As a visual person myself, I find that visual learning is the most effective method of absorbing and retaining complex information.
Table of Contents
Photography Cheat Sheets
Below is the collection of cheat sheets and infographics I use on my website to accompany written articles and tutorials.
Feel free to download the cheat sheets, printing them out and using them when you are out exploring and shooting.
1. F-Stop Chart Cheat Sheet
An F-Stop Chart cheat sheet visually demonstrates different aspects of the most fundamental concept of modern photography – aperture.
The cheat sheet also highlights the aperture relationships with F-stop, lens design, depth of field, and light transmission.
This photography cheat sheet is a practical tool designed to help photographers at all levels unlock the creative potential of aperture settings. Whether you’re a beginner seeking to grasp the basics or an experienced photographer aiming to fine-tune your skills, the F-Stop
2. Shutter Speed Chart Cheat Sheet
As you’re likely aware, Shutter Speed plays a pivotal role in the exposure triangle, working in tandem with aperture and ISO to regulate the amount of light that reaches the camera sensor and ensure proper exposure.
Yet, Shutter Speed encompasses an even more vital function: the control of motion in your photographs.
Photography, by its nature, is a medium that captures static moments, and conveying motion within still images may seem like a paradox. However, what we can accomplish is the creation of the illusion of motion, allowing viewers to immerse themselves in the fast-paced action or savor the dreamy, slow-motion feel.
By employing various Shutter Speed settings, we have the power to craft visual effects that seamlessly blend the realms of reality and illusion, adding depth and dynamism to our photographs.
3. ISO Chart – ISO Cheat Sheet
The ISO Chart serves as a comprehensive guide for photographers seeking to master the complexities of ISO in digital photography.
Understanding Stops: The ISO Chart cheat sheet effectively illustrates how stops work, offering a clear view of how adjustments in ISO values impact image brightness. By visualizing these increments, photographers can easily grasp the concept of ISO stops and their practical application.

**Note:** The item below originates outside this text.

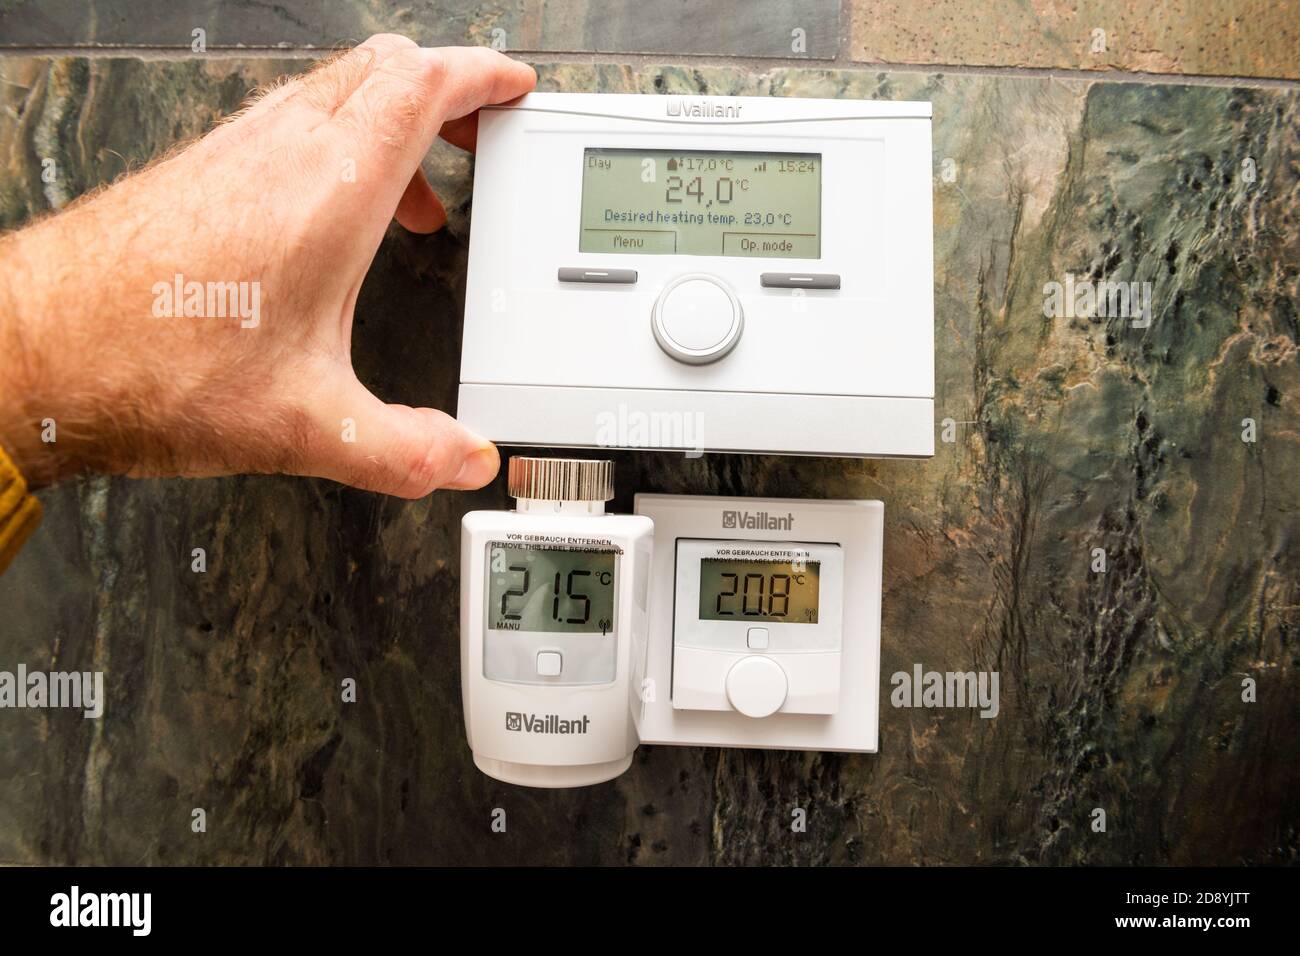 https://c8.alamy.com/compes/2d8yjtt/paris-francia-oct-25-2020-pov-man-mostrando-dispositivos-vaillant-iot-vrc-700f-termostatos-de-compensacion-meteorologica-valvula-termostatica-vr50-y-termostato-de-sala-ambisense-vr51-2d8yjtt.jpg

Taming Digital Noise: Digital noise can be a formidable adversary when working with high ISO settings. The ISO Chart sheds light on the relationship between ISO and digital noise. As ISO values increase, the chart showcases how digital noise gradually creeps into the image, helping photographers make informed choices about balancing ISO and image quality.
Exposure Control: ISO plays a pivotal role in controlling exposure. The ISO Chart makes this relationship tangible, demonstrating that higher ISO values result in brighter photos.
Scenarios and Recommendations: For photographers seeking specific ISO recommendations, the ISO Chart provides a handy reference. It advises ISO values for different scenarios, such as landscapes, birds in flight, and astrophotography. For instance, when capturing landscapes, ISO values between 50 and 100 are recommended. If you’re chasing the birds in flight, consider ISO settings in the range of 400 to 800. When venturing into the world of astrophotography, ISO values between 1600 and 3200 are suggested.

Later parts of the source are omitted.